Do you envision the final end-plan to be people with DRACO in their medicine cabinet, or more like penicillin today?
If it’s safe I’d like to see it used as much as possible for as many different things as possible. I would guess that if it were approved for human use by the FDA, initially they would be conservative enough that they would only want to see it used in very dire cases, just in case there are interesting side-effects or something, and it’s only to people with ebola or HIV that’s become resistant to other drugs who would get this. If this proved to be safe in those cases, then I would hope that they’d approve it for wider use against more common pathogens, perhaps all the way down to the common cold. And if it really is safe, then maybe you’d just pop a DRACO pill any time you felt a cold coming on.
How long does it stay in the system? It’s obviously not a vaccine –
Right. In cells it lasts at least for a couple of weeks, possibly longer. In the mice it lasts for at least 2 days. We have a lot of data in the paper showing it will persist in mice for at least 48 hours at fairly high doses in the tissues. This is really about trying to optimize that. There are a lot of tricks we can use to try to make it last longer if necessary. And if this stuff is truly completely safe, then you can give it prophylactically. You could even concievably give someone the gene for the DRACO so that their cells would just permanently produce the DRACO, and they would naturally be resistant to almost everything.
Oh, wow. That’s an amazing idea.
I feel like this is something that should be fast-tracked. We have all this planning in regards to epidemics. There is all kinds of scare that we’re ripe for an epidemic.
Perhaps we will be [approached with funding offers] in the future, but so far we haven’t been. We’ve really struggled along for the past 11 years, barely getting enough funding to stay alive.
So this has been on the table, at least as an idea, for 11 years?
Right. We just got good data from the mouse trials and published that, but 11 years ago we started engineering the DRACOs. Genetic engineering was a bit more primative in those days, so it took us a while to actually produce these things. Then it took us a while to produce and test them in cells. We ultimately tested against 15 different viruses in cells. As I said, we were kind of limping along for funding for much of that time, so we could only work on it when we had funding to work on it. For some fraction of our time, we had funding to work on it. Eventually, we were able to test against the 15 different viruses in cells in 11 different cell types.

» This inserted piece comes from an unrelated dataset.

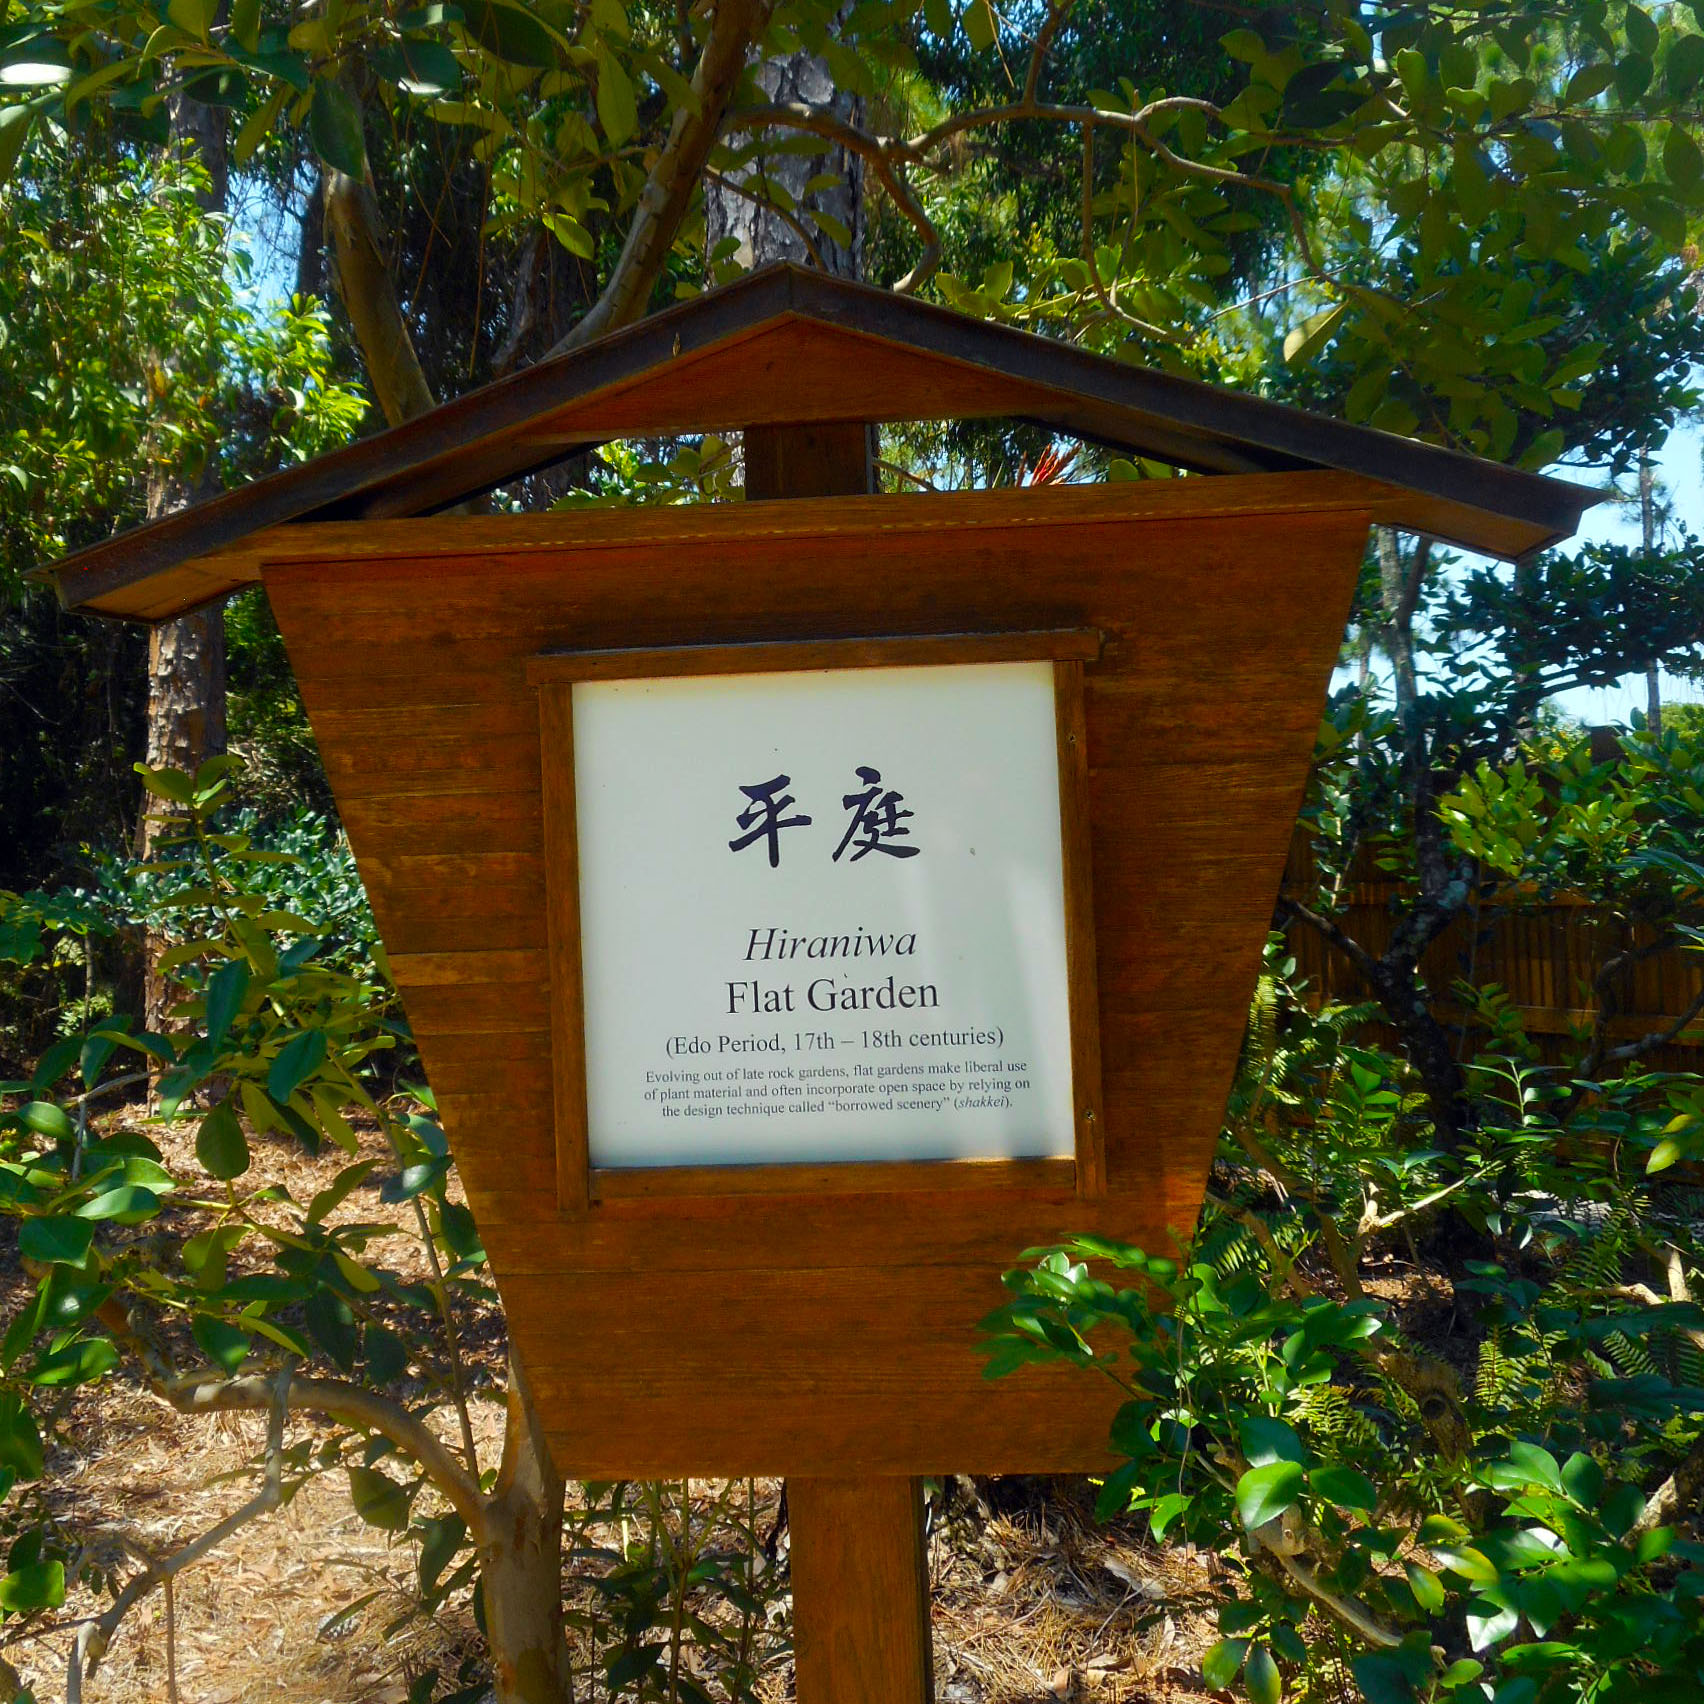 File:Morikami Museum and Gardens - Hiraniwa - Flat Garden Sign.jpg ...
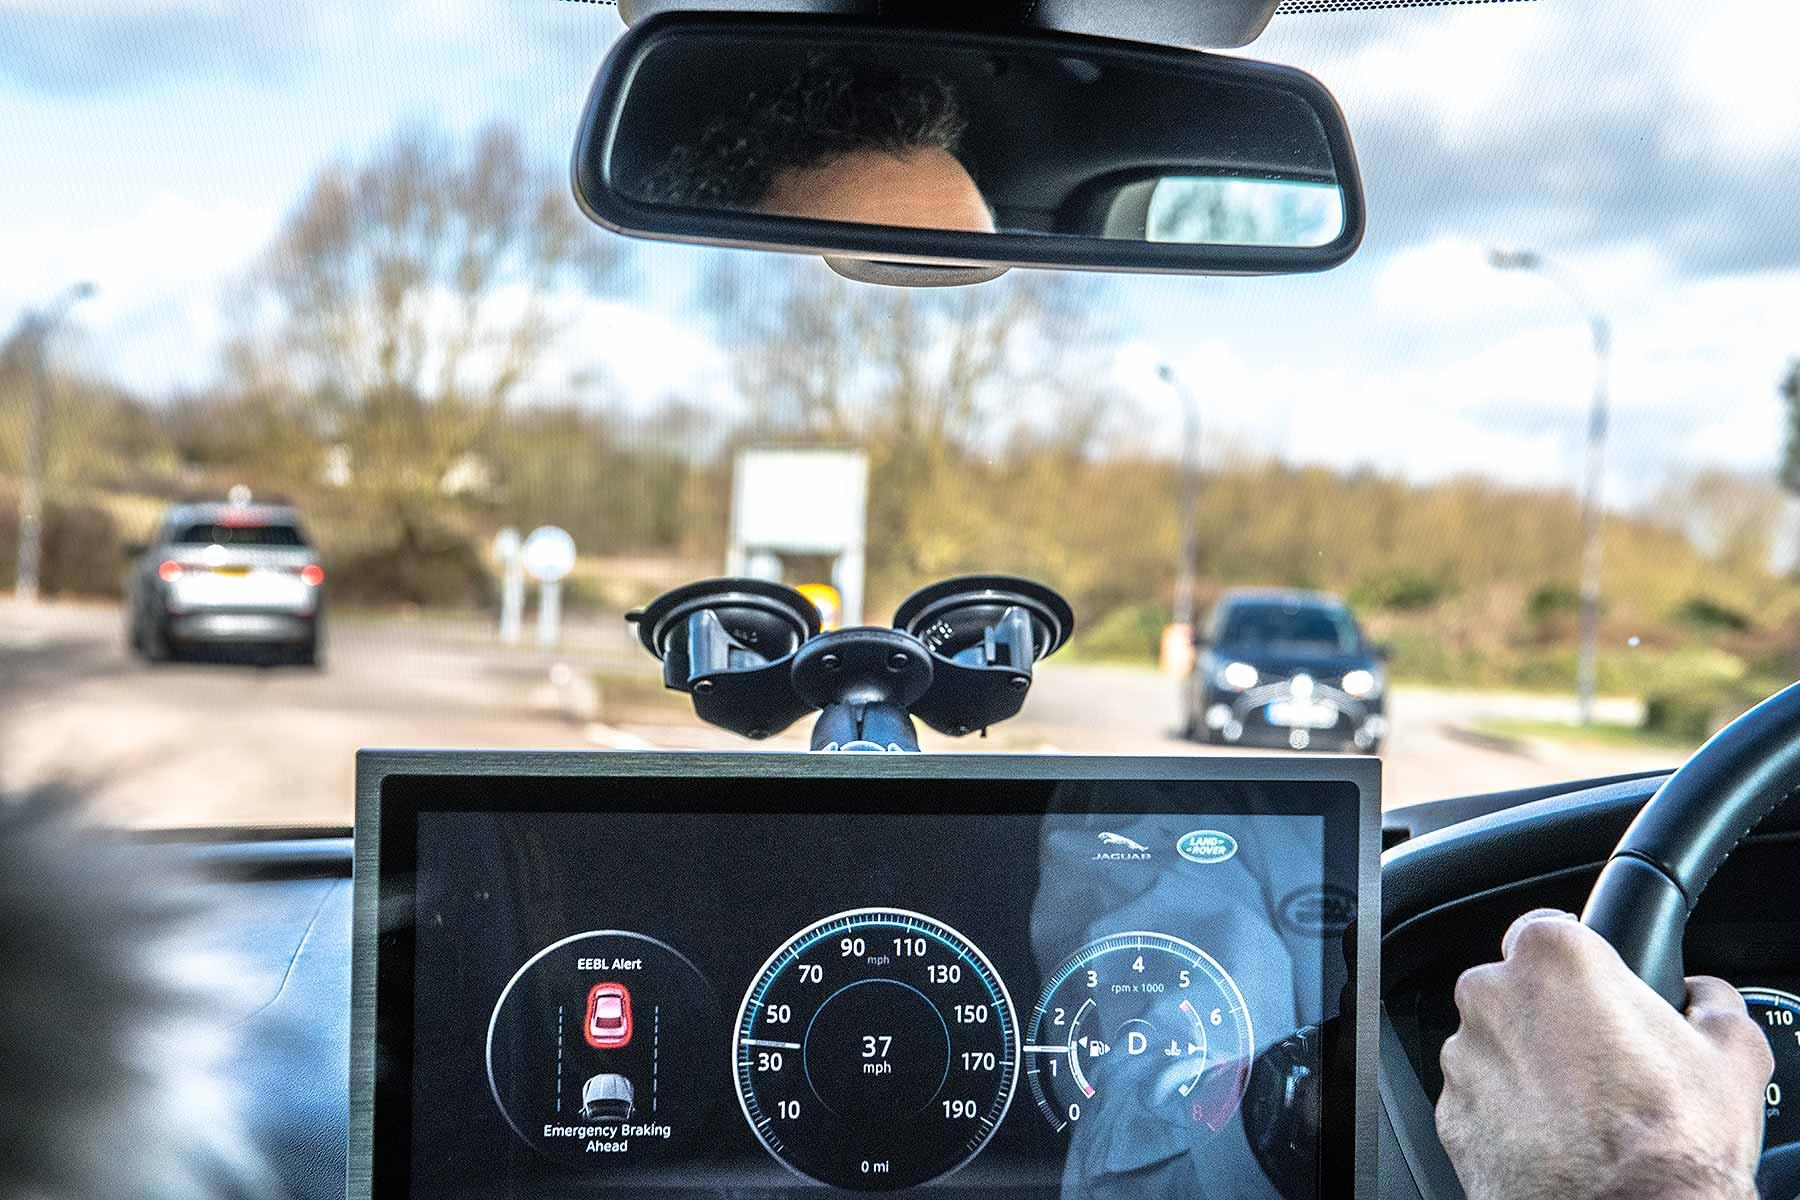 Self-driving Jaguar Land Rovers in Milton Keynes

And then we had funding to do some mouse trials, got data, and then we got published.
If you get a cold this winter… are you going to be tempted?
I’m not tempted by colds. I’ve had very bad stomach viruses and I’ve been tempted to give myself the stuff to see what would happen.
You don’t think you’ll do that, though?
It wouldn’t be enough anyway. We only produce enough for mice, and for a human you require a much larger dose than for a 20 gram mouse.